After a while I found I didn't like the progressive loading so I usually direct claude to load all references in the skill before proceeding - this usually takes up maybe 20k to 30k tokens, but the accuracy and precision (imagined or otherwise ha!) is worth it for my use cases.

kxrm|2 months ago

> I'm a bit of a control freak so I'll usually explicitly direct claude to "load the wireframe-skill" and then do X.

You shouldn't do this, it's generally considered bad practice.

You should be optimizing your skill description. Often times if I am working with Claude Code and it doesn't load I skill, I ask it why it missed the skill. It will guide me to improving the skill description so that it is picked up properly next time.

This iteration on skill description has allowed skills to stay out of context until they are needed rather predictably for me so far.

chrisweekly|2 months ago

My understanding is that use of "description" frontmatter is essential, bc Claude Code can read just the description without loading the entire file into context.

taytus|2 months ago

Easy, let me try to explain: You want to achieve X, so you ask your AI companion, "How do I do X?" Your companion thinks and tries a couple of things, and they eventually work. So you say, "You know what, next time, instead of figuring it out, just do this"... that is a skill. A recipe for how to do things.

jmalicki|2 months ago

Yes. I find these very useful for enforcing e.g. skills like debugging, committing code, make prs, responding to pr feedback from ai review agents, etc. without constantly polluting the context window.

So when it's time to commit, make sure you run these checks, write a good commit message, etc.

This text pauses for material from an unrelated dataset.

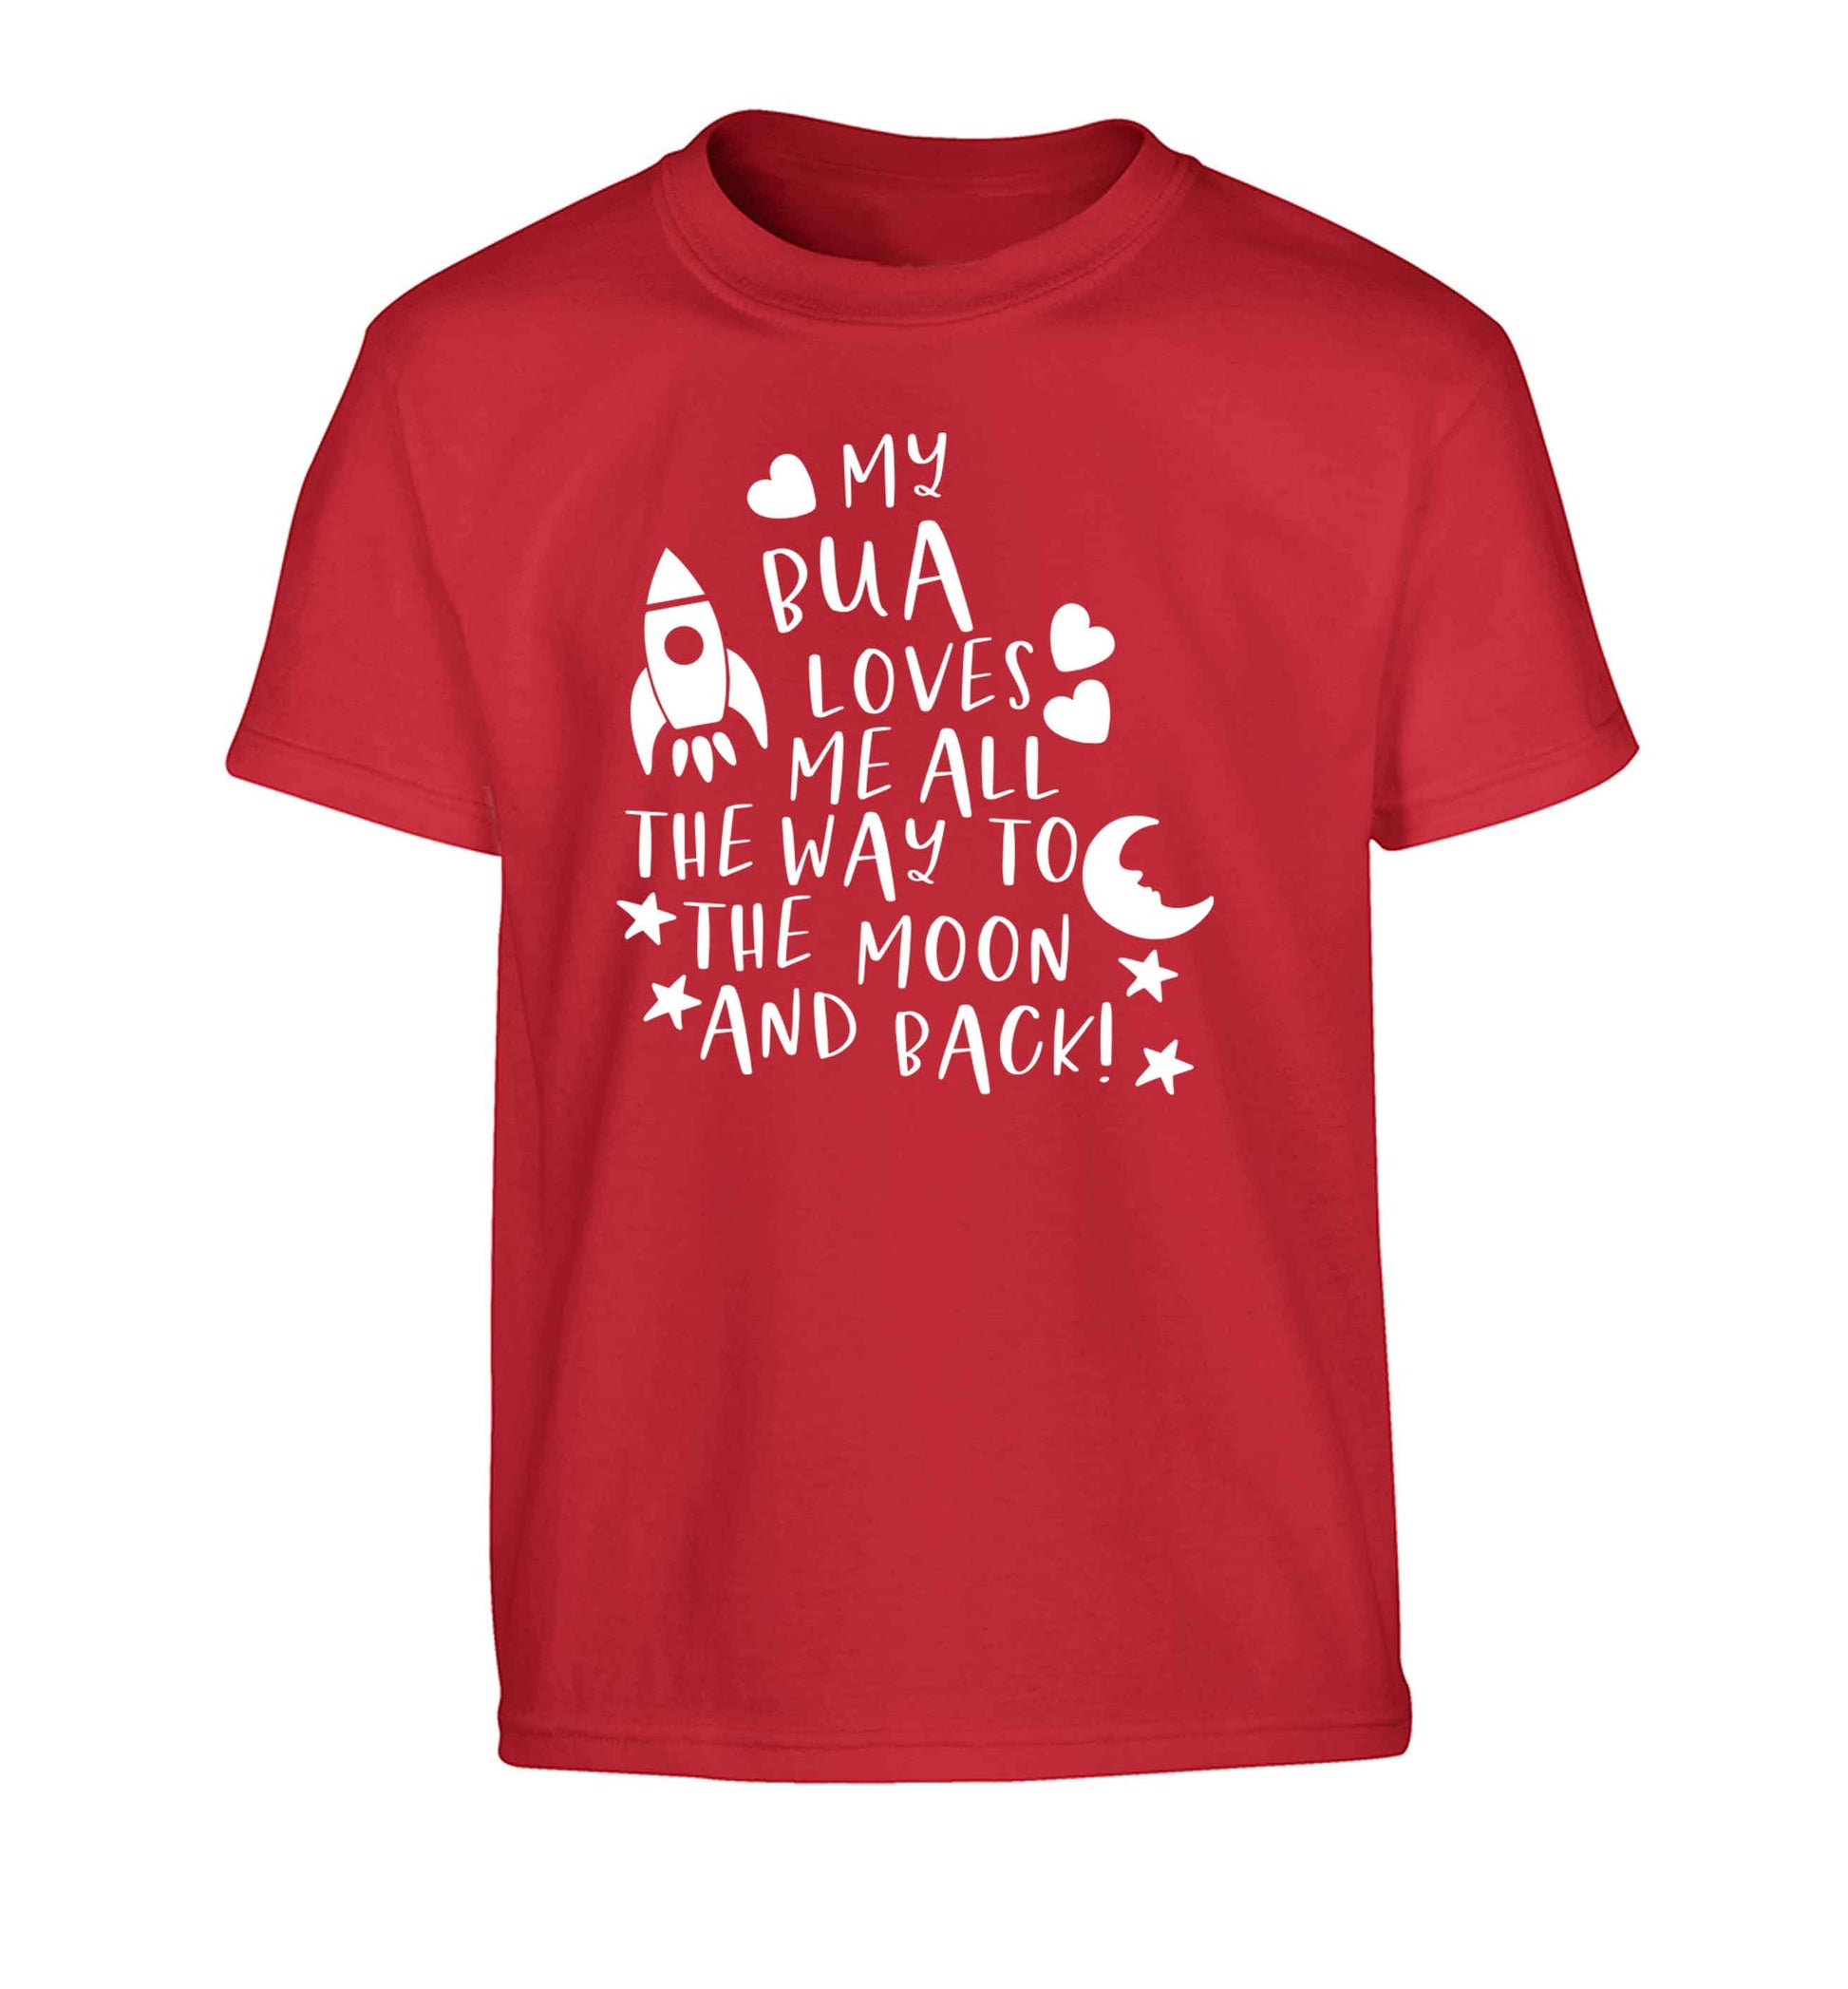 My bua loves me all they way to the moon and back Children's red Tshirt 12-13 Years

Debugging is especially useful since AI agents can often go off the rails and go into loops rewriting code - so it's in a skill I can push for "read the log messages. Inserting some more useful debug assertions to isolate the failure. Write some more unit tests that are more specific." Etc.

canadiantim|2 months ago

I think it’s also important to think of skills in the context of tasks, so when you want an agent to perform a specialized task, then this is the context, the resources and scripts it needs to perform the task.

hadlock|2 months ago

I'm excited to use this with the Ghidra cli mode to rapidly decompile physics engines from various games. Do I want my flight simulator to behave like the Cessna like in flight simulator 3.0 in the air? Codex can already do that. Do I want the plane to handle like Yoshi from Mario Kart 64 when taxiing? It hasn't been done yet but Claude code is apparently pretty good at pulling apart n64 roms so that seems within the realm of possibility.